隊商の生き残りが二人。今も手近な街路でまだ必死に逃げ回っている。
一人は、複数名に追われてながらも羚羊のように走り続けている女性。
もう一人は、やや年長の少女だろうか。此方も二~三人に追われているようだ。
(……二人とも女か)
あの隊商《キャラバン》の男たちであれば、女子供を守ろうと先に死んでいったとしても不思議はない。
(ああ、もう……真っ当な人間ばかり早く死んじゃう。嫌な世の中)
逃走劇を視線で追いながら、ニナは静かに考え込んだ。
交流などなに一つ持たず、一方通行ではあったが、ニナは隊商《キャラバン》の人々に好感を抱いていた。惨い最期を迎えていい人々ではないとも思う。
とは言え、助けるには大きな危険が伴う。
下手を打てば、今日、見知らぬ他人の為に命を落とすかもしれない。

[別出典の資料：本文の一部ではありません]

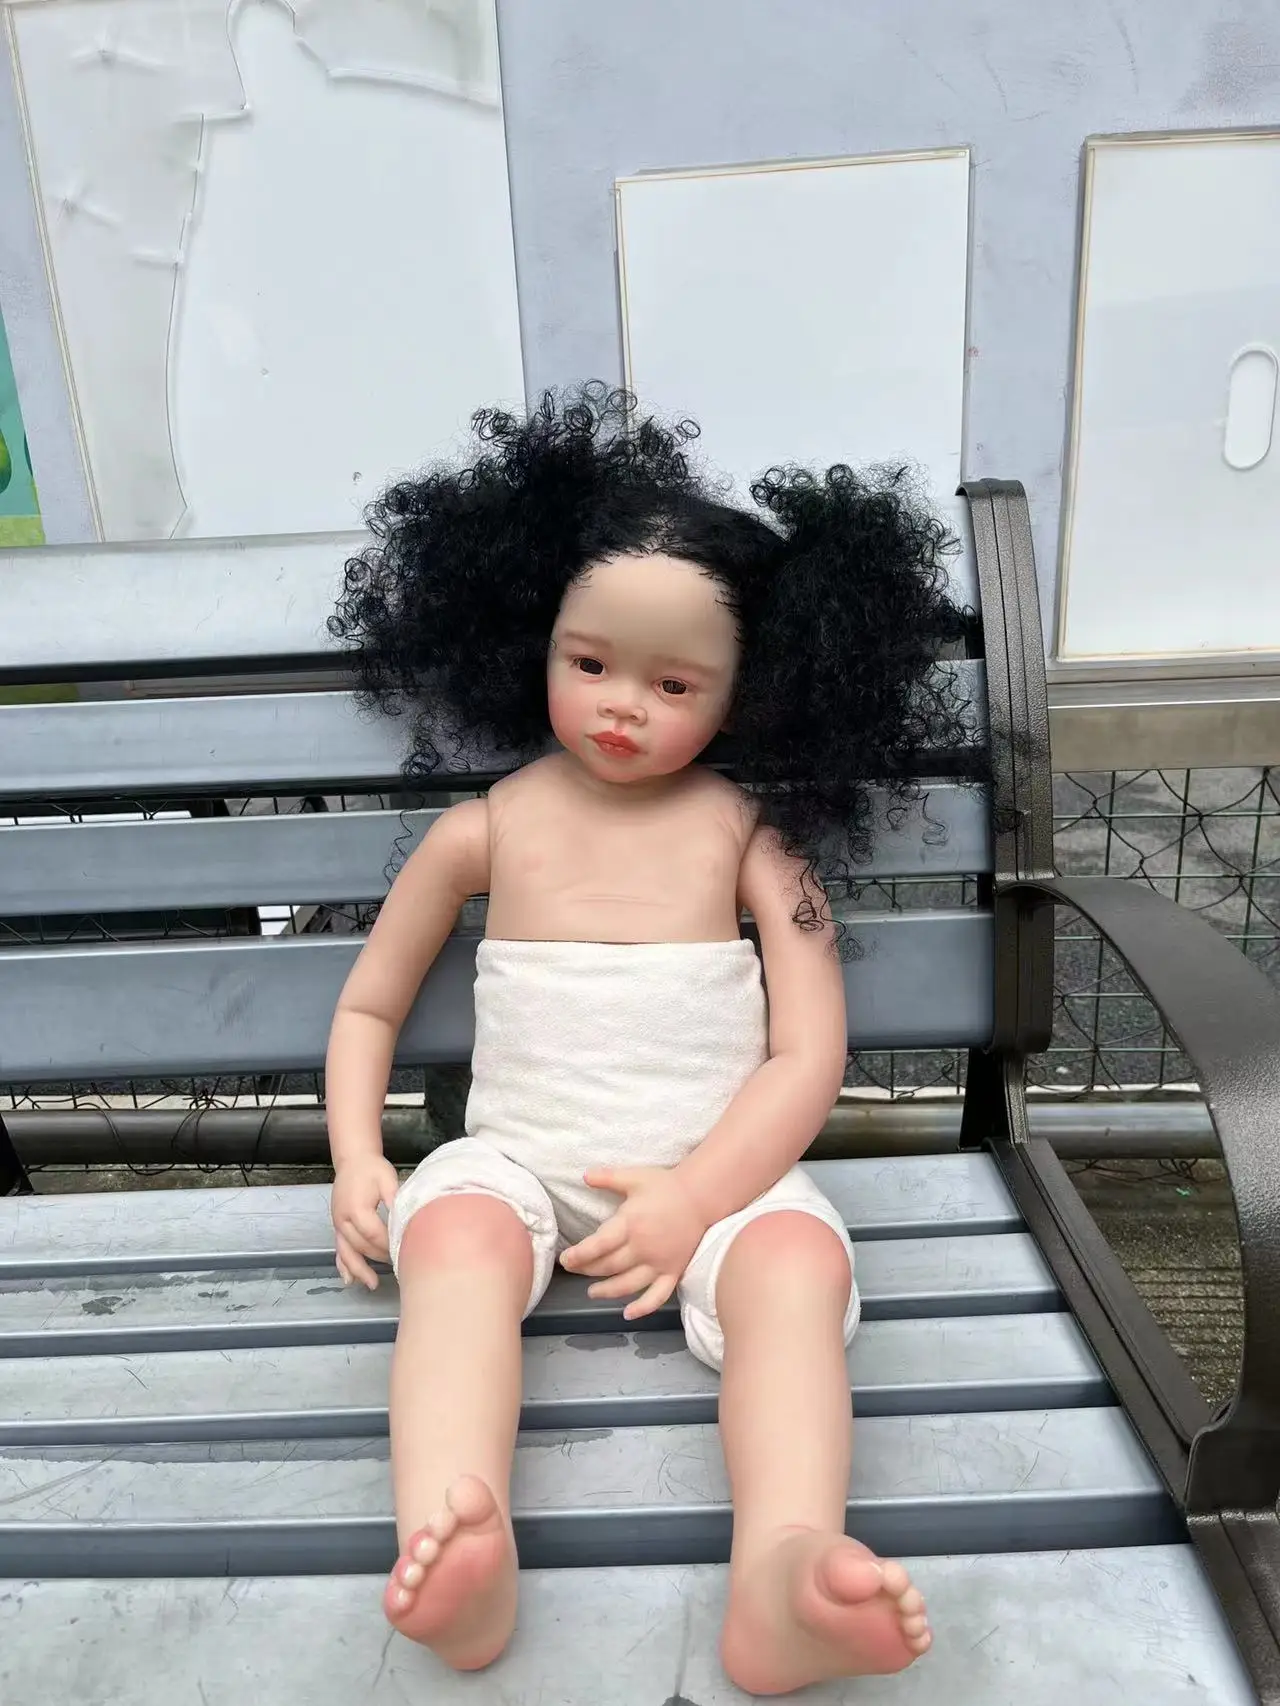 FBBD Customzied Limited Supply 32inch Reborn Baby Doll Meili With Curly Black Hair Reak Photos DIY Part Painted Kits 80cm 32inch photography light reflector 5 in 1 translucent silver gold white black collapsible multi disc

それを納得できるか?
ニナは頷いた。
「よし、助けられるか試してみよう」退屈な日々に少しの冒険心でスパイスを、だ。
間違いなく、無用な危険を犯そうとしている。しかし、周囲の状況は把握しておいて損はない。それに生存者を無視して今日を生き長らえたとしても、どの道、崩壊世界で長生きは期待できない。人はいずれ死ぬ。

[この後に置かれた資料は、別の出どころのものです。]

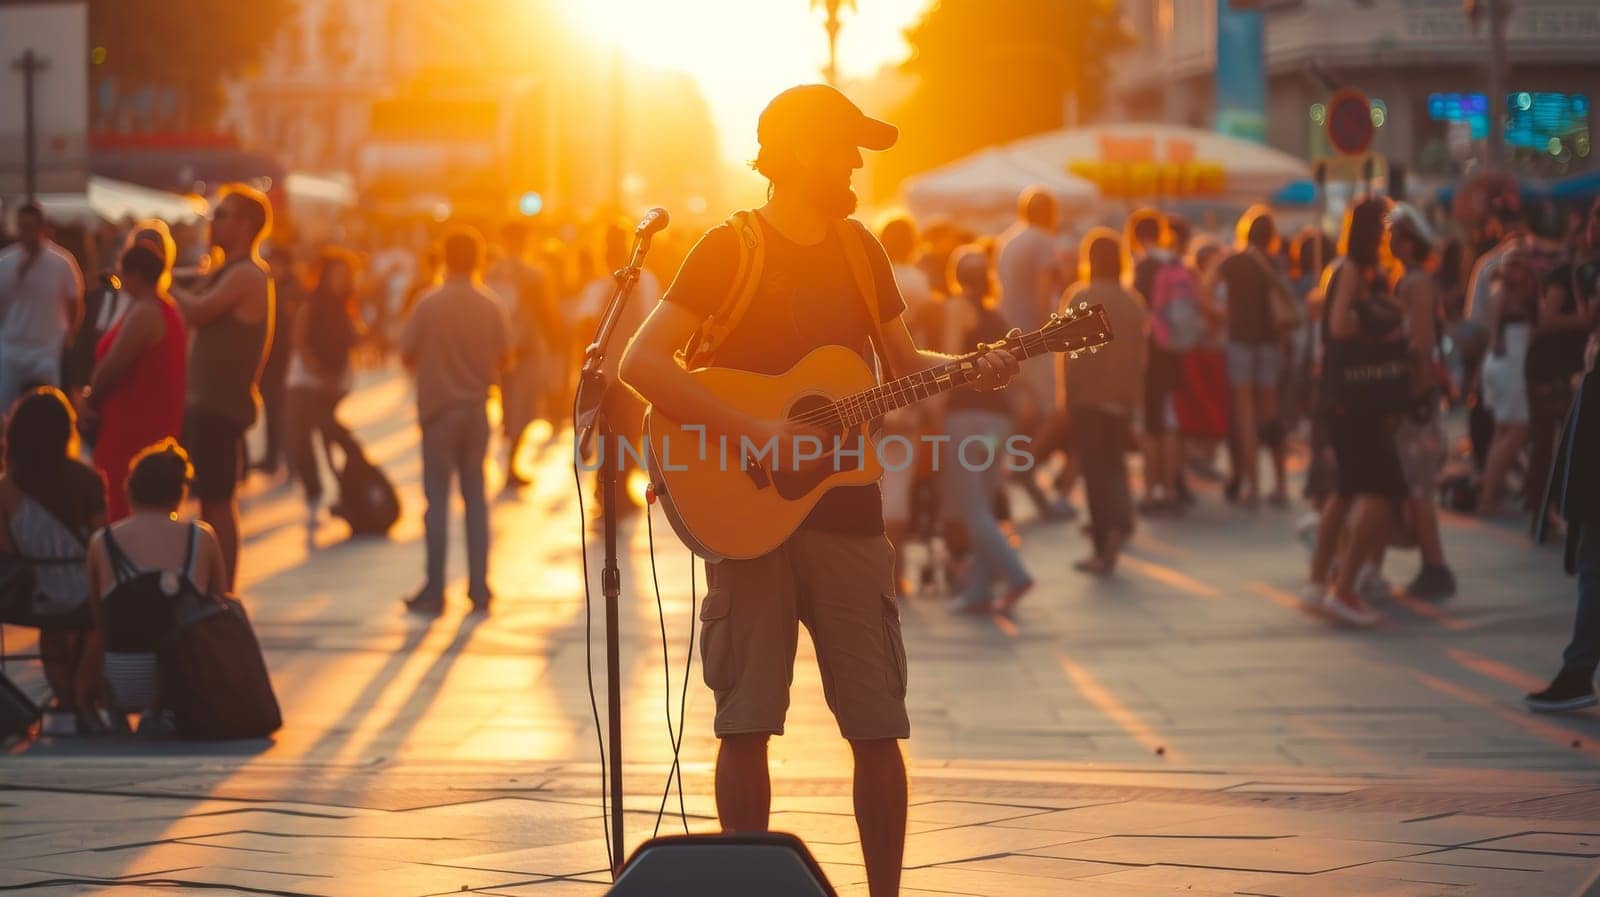 Guitarist performing live on a busy city street at sunset with a crowd of pedestrians in the background

(追うとしたら、どちらを追うか……)少し考えて、走り回っている女性に決める。まだ体力のありそうな彼女なら、逃げ延びるチャンスが生まれるかもしれない。或いは捕まった場面を目にするかもしれないが、助ける機会が生じるや可能性もあった。どう転ぶにせよ、ニナは非力な少女に過ぎない。介入するのであれば極力、素早く、そして慎重に振舞わなければならない。
瓦礫の影から廃屋の影へ。放浪者《ワンダラー》たちの視界に入らぬよう立ち回りながら、ニナは逃走する女性に並走した。
「いい動きしてるな」
廃墟暮らしの少女《ニナ》が、思わず感嘆の吐息を漏らした。
【住宅街】には塀や建物が崩れて通行困難となった道も多いが、隊商《キャラバン》の女性は彷徨うゾンビの傍らを駆け抜け、壁が崩れた廃屋を敏捷に潜り抜け、障害物を飛び越えて、追っ手の追随を許さない。

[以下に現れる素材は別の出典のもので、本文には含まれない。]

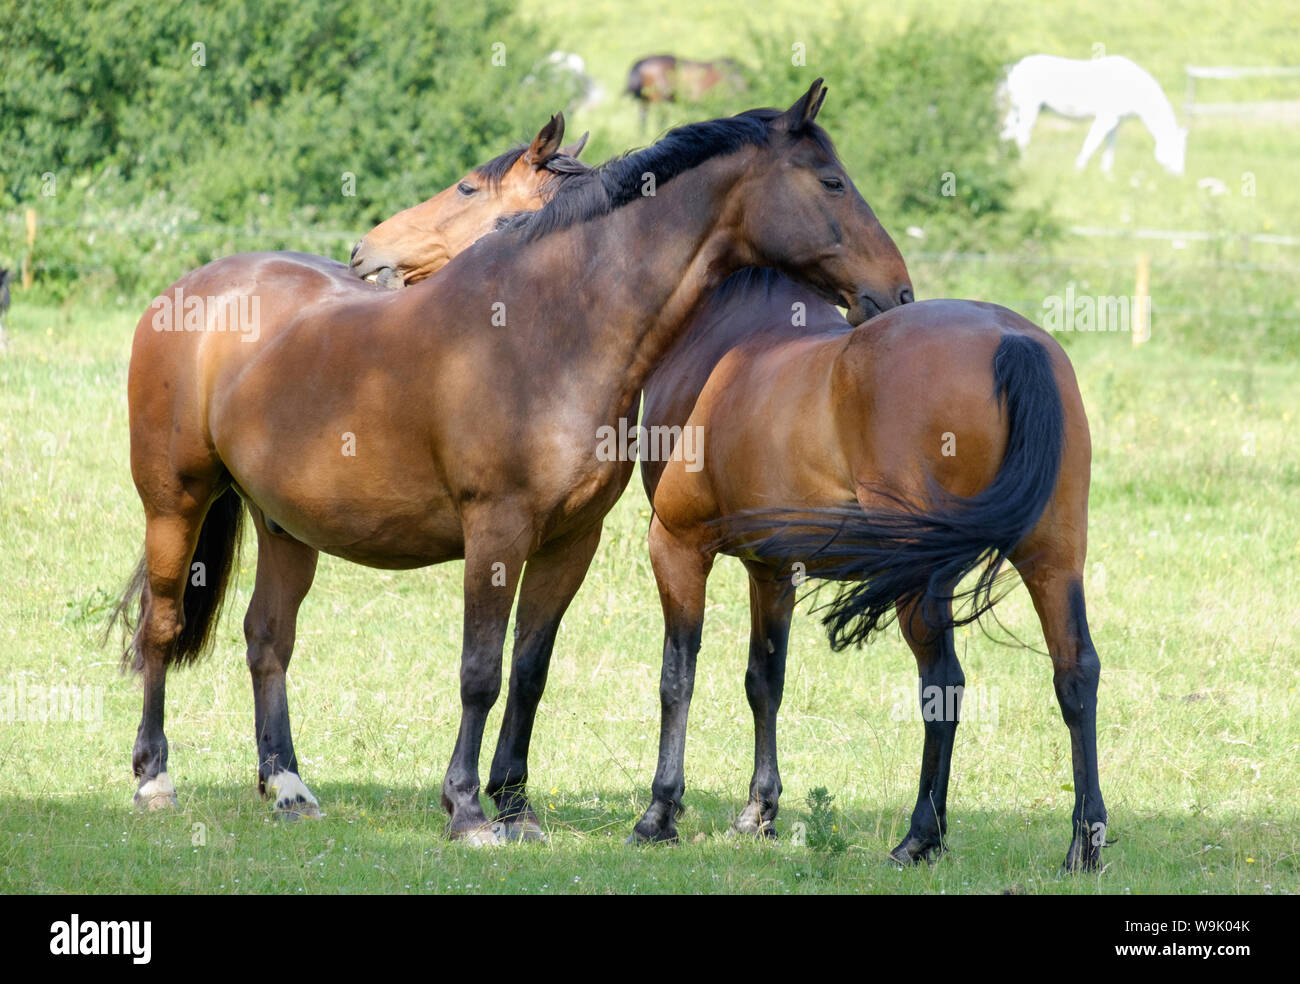 Two brown horses seem to show affection to each other, in a green field. More horses in background. Bury Farm, Edgware, Greater London, UK. Stock Photo

しかし、追跡劇とは由来、追いかける方が有利なものだ。放浪者《ワンダラー》たちも追いつこうと必死であり、生存者の女性の俊足を以てして、なお完全に振り切るには至っていなかった。
「逃がすんじゃないよ!いいジャケットだ。とッ捕まえれば美味いもんが鱈腹《たらふく》喰えるよ!」
追撃者たちが見失いかける度に先頭を走る中年女がざんばらの髪を振り乱し、後ろの仲間に発破をかけていた。
「お袋!深追い!一人で深追いしすぎ!」
女を追う放浪者《ワンダラー》の一人が叫びを上げ、傍らの仲間は喘ぎながら歩調を緩めている。
悪漢たちの足取りが鈍っている。逃げる女性に追いつけそうな放浪者《ワンダラー》は、辛うじて『お袋』だけのようだ。
(……これなら、本当に逃げ切れるかも)
微かに微笑みを浮かべたニナは、此処まで温存していた脚力を惜しみなく発揮して、廃屋の屋根から屋根へと区画を一気に突っ切った。